Whenever "Florida" appears in a line, please copy that line from the data.

---*---

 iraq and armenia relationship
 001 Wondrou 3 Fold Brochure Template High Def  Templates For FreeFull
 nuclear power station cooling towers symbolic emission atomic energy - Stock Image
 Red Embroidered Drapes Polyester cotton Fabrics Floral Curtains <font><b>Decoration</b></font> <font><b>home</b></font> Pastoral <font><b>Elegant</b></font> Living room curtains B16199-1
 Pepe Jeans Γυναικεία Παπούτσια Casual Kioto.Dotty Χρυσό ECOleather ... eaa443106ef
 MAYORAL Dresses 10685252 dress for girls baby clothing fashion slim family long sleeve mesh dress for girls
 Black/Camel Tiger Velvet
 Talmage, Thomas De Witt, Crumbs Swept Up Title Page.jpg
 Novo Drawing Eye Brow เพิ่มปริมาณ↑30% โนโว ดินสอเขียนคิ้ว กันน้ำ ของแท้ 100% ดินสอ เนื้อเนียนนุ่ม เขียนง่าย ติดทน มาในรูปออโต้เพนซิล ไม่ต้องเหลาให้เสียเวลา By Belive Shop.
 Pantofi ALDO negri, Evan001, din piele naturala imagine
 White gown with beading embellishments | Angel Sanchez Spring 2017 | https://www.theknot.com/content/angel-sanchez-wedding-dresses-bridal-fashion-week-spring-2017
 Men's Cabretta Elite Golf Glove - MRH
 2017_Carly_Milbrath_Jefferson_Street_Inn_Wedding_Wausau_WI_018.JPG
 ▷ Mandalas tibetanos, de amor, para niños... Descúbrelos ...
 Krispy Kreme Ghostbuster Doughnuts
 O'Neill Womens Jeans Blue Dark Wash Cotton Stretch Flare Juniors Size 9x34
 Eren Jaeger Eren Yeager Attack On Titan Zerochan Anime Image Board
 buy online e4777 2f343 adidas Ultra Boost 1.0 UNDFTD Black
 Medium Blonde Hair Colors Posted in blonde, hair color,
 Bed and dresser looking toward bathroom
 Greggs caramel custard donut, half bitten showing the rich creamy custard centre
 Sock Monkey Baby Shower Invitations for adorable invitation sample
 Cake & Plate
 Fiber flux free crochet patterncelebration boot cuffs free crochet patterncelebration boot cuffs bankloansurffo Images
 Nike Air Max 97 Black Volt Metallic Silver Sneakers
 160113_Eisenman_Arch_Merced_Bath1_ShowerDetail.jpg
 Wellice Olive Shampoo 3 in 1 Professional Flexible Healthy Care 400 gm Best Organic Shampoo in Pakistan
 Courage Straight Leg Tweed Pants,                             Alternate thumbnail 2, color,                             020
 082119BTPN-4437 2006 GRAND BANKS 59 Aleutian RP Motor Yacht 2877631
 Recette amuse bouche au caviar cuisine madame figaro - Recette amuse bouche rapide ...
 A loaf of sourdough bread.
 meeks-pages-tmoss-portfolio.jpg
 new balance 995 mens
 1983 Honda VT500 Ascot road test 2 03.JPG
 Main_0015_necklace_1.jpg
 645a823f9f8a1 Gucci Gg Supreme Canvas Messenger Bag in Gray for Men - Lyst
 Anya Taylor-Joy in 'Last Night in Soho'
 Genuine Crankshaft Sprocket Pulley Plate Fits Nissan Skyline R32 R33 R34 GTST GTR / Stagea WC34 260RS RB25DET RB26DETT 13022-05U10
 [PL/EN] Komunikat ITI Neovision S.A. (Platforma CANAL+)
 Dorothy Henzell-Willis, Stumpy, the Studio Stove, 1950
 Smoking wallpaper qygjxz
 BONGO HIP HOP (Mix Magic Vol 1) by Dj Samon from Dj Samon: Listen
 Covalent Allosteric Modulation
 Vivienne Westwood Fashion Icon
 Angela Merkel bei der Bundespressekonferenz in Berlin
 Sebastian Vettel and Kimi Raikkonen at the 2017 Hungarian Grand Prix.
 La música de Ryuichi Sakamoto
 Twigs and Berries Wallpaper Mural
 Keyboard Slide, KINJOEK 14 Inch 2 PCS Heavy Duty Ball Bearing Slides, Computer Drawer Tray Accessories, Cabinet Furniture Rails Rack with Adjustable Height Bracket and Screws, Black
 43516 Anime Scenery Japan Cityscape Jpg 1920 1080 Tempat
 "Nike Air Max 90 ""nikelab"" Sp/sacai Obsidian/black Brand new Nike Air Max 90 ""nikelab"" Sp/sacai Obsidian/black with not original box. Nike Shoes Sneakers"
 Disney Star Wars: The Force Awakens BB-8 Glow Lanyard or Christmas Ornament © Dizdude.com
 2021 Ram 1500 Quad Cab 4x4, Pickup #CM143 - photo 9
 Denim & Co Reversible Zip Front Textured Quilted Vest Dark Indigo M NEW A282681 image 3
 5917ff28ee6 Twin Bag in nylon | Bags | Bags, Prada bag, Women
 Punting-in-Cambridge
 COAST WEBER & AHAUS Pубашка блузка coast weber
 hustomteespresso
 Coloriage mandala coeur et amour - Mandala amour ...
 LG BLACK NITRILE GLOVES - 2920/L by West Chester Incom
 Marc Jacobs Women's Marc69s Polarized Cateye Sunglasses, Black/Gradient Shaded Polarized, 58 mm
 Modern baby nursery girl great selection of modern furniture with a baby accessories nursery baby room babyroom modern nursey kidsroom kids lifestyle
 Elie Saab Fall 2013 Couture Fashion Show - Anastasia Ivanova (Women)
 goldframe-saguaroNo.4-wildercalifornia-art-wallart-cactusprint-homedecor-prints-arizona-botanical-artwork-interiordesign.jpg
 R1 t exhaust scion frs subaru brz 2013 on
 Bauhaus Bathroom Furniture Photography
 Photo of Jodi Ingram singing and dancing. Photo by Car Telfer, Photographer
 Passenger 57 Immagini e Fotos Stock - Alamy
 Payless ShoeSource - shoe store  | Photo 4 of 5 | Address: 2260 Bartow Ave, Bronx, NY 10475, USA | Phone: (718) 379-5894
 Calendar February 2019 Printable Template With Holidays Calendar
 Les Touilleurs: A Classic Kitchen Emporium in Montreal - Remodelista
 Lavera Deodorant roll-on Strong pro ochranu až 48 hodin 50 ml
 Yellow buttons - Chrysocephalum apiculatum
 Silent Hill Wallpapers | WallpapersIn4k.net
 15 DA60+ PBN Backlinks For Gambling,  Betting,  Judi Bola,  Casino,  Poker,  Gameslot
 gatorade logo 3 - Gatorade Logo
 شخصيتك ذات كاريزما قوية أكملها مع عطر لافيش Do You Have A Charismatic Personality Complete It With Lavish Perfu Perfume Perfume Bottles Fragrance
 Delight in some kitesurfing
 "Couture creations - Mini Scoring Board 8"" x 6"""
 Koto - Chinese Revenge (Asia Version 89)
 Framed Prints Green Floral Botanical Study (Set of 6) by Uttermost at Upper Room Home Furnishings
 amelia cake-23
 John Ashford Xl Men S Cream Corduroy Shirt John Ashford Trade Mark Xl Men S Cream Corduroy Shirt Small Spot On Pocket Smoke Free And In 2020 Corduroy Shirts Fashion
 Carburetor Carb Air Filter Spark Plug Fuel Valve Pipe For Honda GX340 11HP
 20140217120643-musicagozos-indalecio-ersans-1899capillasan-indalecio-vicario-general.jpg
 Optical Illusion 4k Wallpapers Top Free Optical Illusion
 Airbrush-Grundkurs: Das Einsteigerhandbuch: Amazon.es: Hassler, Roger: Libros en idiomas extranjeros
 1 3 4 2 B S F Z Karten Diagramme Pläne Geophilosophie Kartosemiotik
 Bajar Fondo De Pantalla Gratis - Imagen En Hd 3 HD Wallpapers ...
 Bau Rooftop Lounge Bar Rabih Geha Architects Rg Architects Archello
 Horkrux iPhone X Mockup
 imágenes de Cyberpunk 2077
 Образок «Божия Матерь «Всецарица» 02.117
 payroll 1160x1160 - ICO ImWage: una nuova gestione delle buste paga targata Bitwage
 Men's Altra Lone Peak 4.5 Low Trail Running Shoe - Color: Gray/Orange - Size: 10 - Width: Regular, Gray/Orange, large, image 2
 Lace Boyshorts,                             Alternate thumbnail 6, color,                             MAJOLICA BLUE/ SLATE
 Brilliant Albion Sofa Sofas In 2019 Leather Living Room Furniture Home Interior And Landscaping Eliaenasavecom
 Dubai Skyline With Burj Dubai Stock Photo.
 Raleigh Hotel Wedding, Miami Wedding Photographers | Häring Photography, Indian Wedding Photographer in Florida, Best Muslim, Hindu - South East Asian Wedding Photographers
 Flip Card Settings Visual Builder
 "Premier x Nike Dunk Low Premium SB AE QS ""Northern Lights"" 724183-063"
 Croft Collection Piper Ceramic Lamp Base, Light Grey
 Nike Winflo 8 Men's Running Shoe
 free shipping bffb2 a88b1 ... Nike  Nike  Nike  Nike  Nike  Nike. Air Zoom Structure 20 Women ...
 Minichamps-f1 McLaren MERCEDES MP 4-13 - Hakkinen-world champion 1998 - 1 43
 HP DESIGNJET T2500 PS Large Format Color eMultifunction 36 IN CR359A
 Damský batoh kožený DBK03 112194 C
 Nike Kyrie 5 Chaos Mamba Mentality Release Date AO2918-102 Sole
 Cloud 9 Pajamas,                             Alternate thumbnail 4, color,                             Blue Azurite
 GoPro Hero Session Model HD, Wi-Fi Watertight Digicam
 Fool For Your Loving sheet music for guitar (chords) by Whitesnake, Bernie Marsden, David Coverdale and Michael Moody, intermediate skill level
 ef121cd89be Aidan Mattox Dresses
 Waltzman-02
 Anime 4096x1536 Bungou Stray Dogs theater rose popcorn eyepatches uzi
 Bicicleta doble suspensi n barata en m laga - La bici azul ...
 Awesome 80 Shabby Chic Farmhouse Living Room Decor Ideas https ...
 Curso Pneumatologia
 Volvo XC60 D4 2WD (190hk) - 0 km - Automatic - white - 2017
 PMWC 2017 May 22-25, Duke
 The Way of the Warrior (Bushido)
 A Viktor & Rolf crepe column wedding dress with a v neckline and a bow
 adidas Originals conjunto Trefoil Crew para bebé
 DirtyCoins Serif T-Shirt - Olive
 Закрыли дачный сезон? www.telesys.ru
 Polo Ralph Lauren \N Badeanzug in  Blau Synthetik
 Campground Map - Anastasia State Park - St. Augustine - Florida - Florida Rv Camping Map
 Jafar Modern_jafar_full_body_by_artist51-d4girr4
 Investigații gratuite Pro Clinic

---*---

Problem solution:
 Raleigh Hotel Wedding, Miami Wedding Photographers | Häring Photography, Indian Wedding Photographer in Florida, Best Muslim, Hindu - South East Asian Wedding Photographers
 Campground Map - Anastasia State Park - St. Augustine - Florida - Florida Rv Camping Map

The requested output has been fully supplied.